▶ [TASK BRIEF] Word for word, retype the lines from the one containing "Запчасти, схема и" to the one containing "Jakub Voracek Philadelphia" below, keeping both end lines and dropping the pictures.

▶ [STUDY MATERIAL]

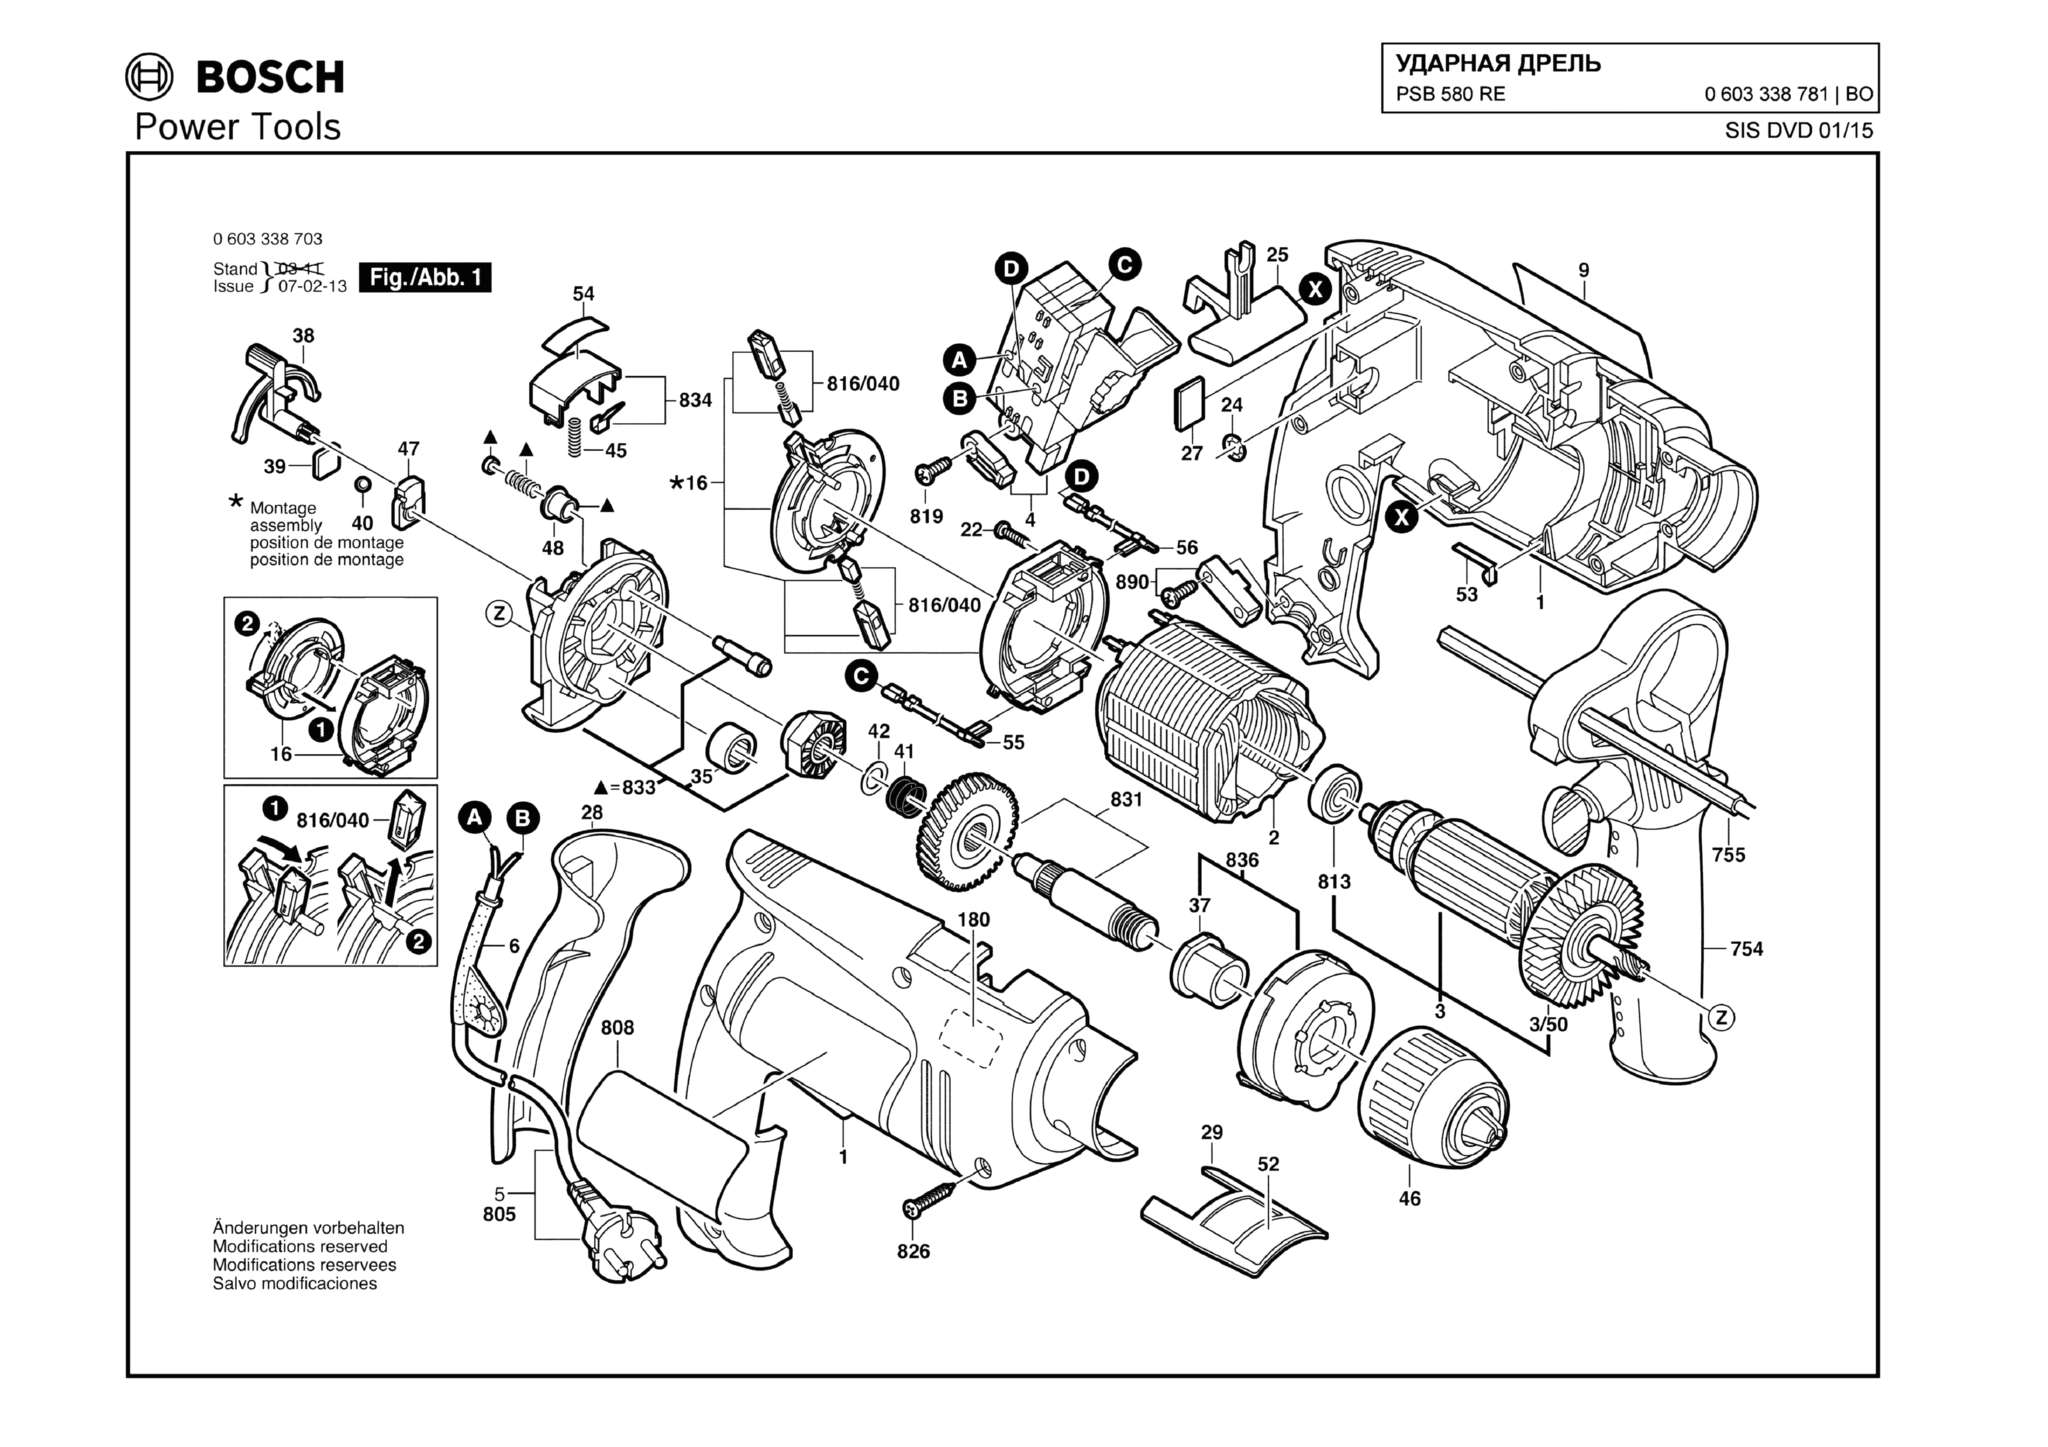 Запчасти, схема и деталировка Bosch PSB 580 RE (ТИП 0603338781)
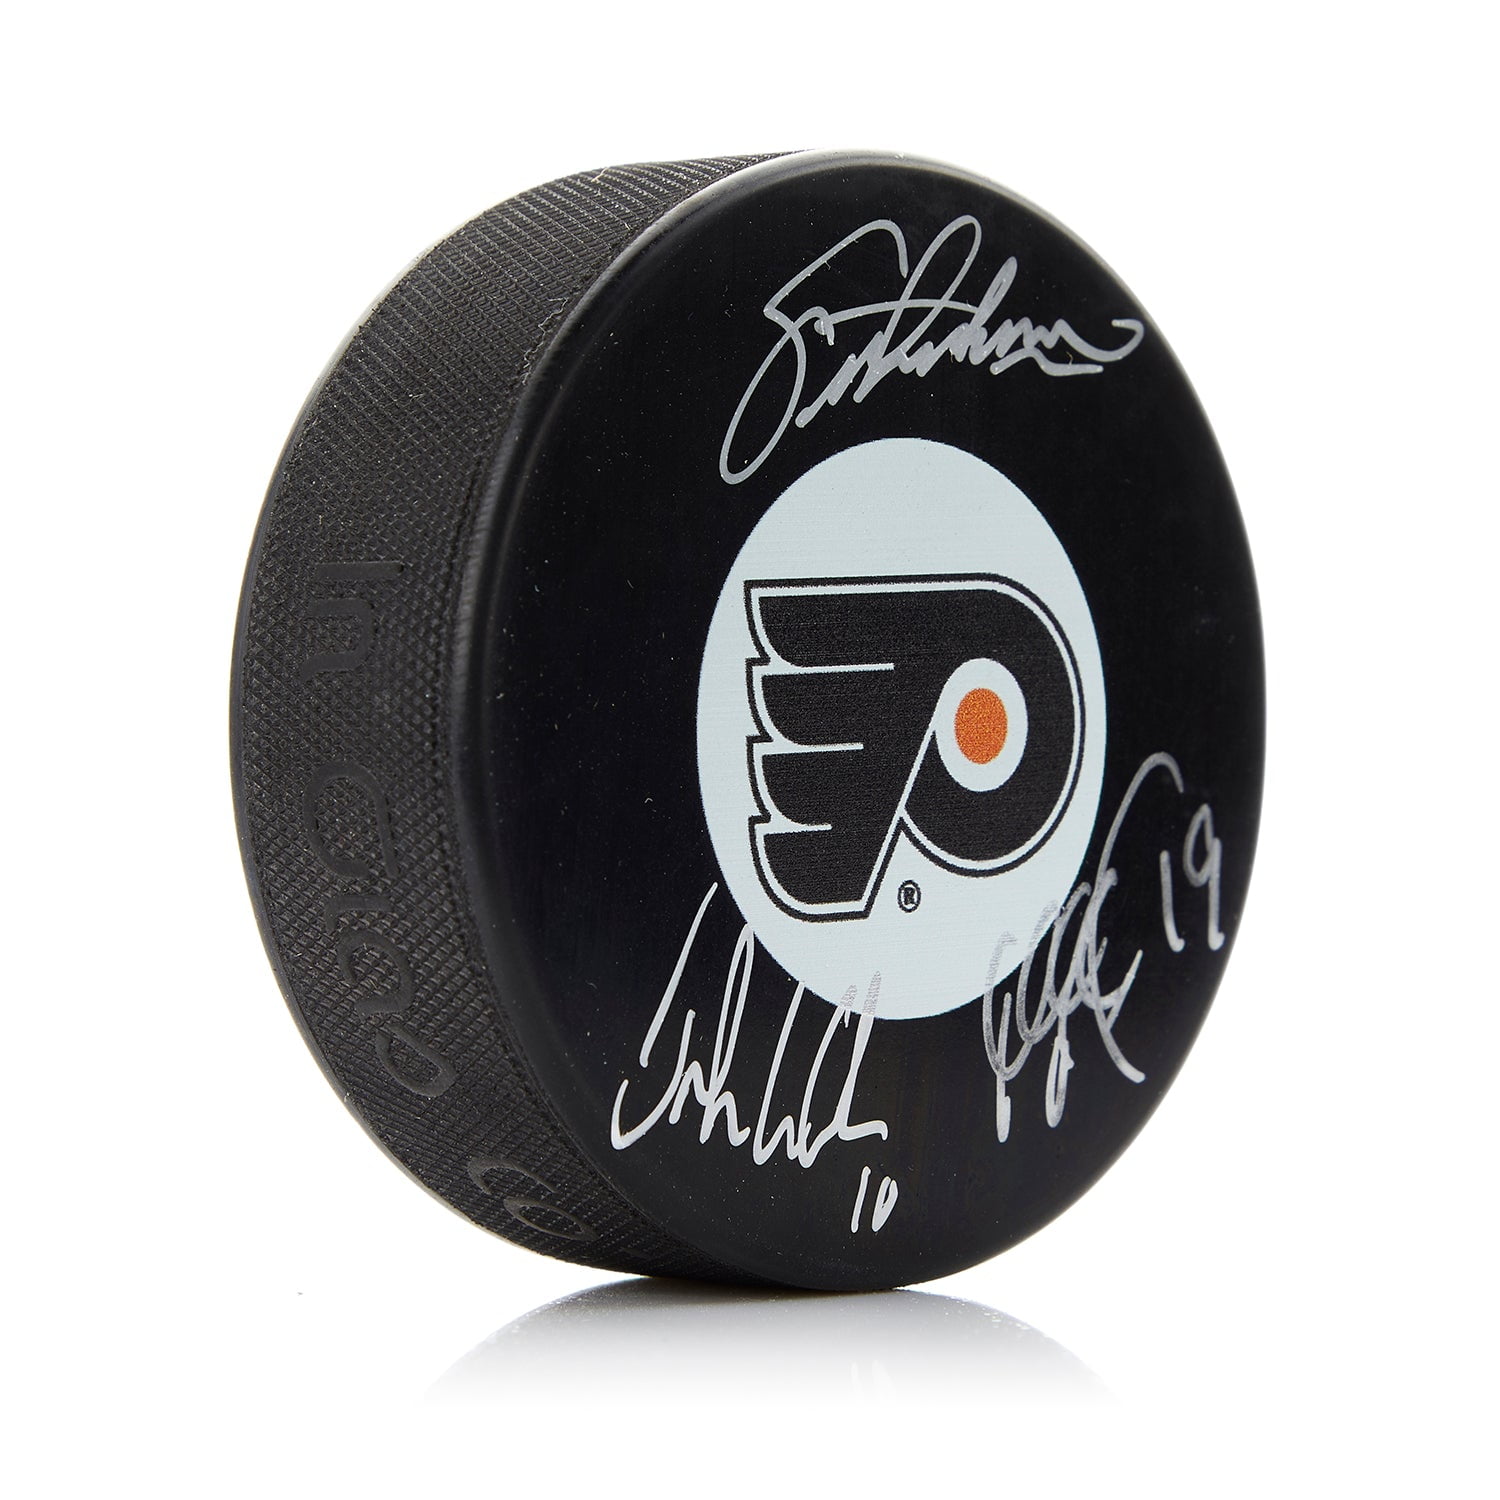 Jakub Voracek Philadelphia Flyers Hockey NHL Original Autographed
...
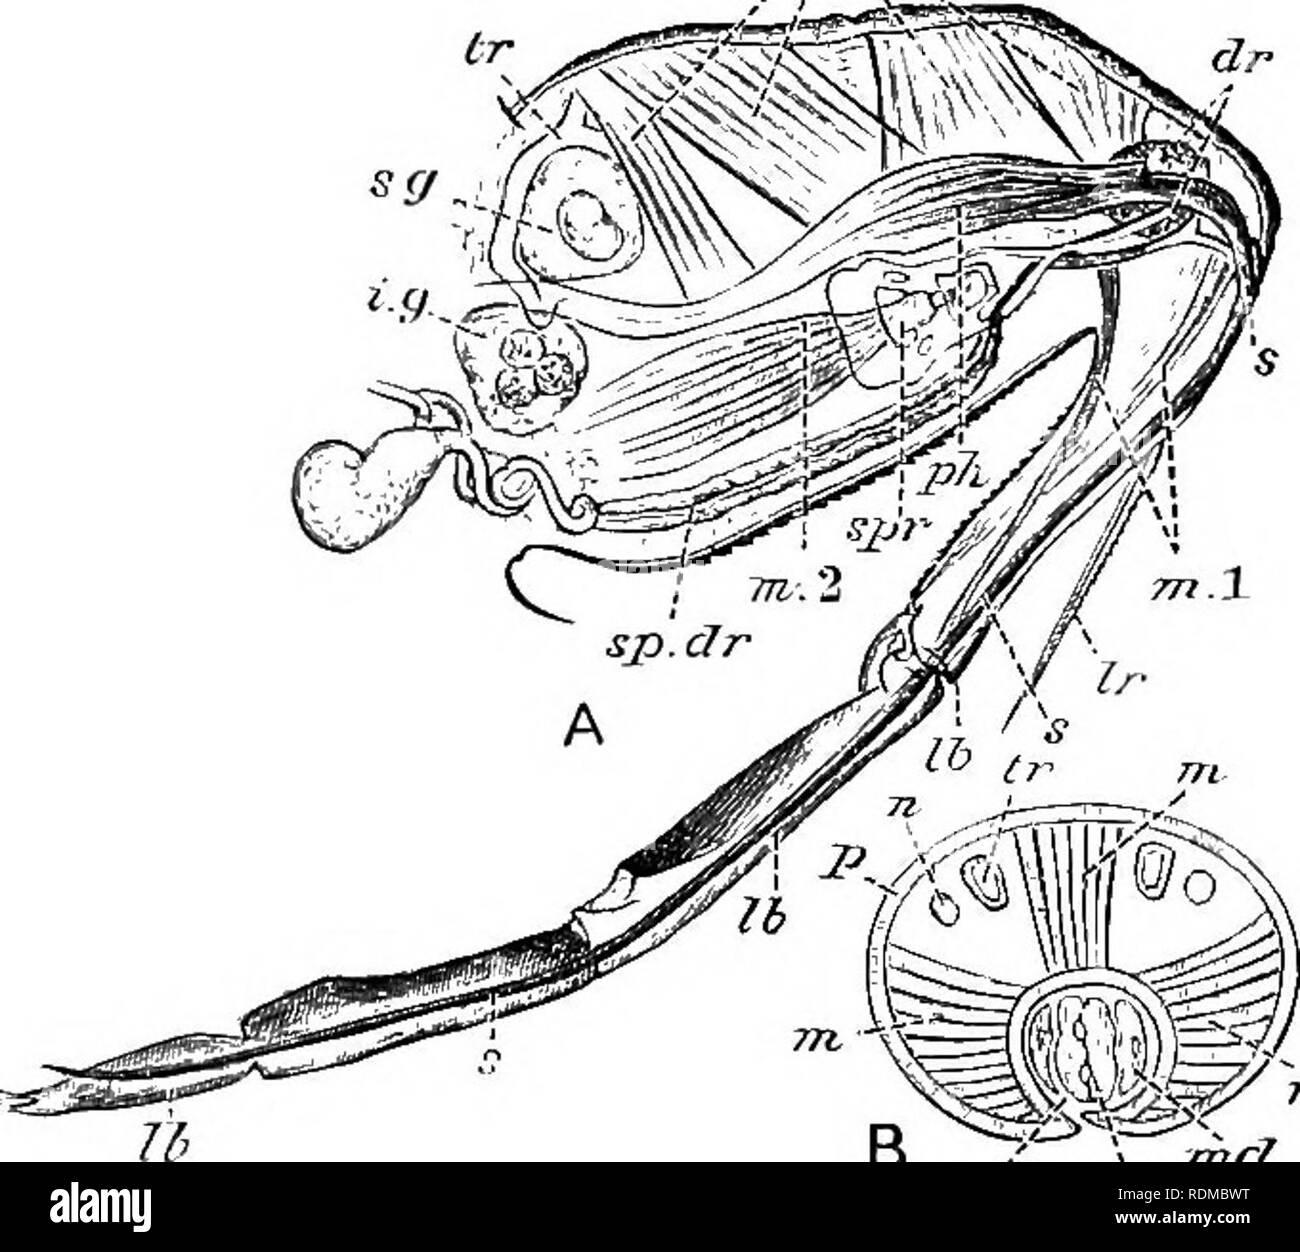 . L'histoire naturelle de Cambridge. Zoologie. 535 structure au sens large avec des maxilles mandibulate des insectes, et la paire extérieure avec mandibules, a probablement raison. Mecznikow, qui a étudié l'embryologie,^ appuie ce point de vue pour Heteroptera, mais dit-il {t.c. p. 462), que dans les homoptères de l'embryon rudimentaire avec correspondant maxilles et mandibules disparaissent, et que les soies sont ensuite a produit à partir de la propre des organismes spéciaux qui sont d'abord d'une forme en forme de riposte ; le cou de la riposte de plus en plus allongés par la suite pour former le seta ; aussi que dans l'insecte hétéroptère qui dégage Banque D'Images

▶ [EXERCISE SOLUTION]
 Запчасти, схема и деталировка Bosch PSB 580 RE (ТИП 0603338781)
 Jakub Voracek Philadelphia Flyers Hockey NHL Original Autographed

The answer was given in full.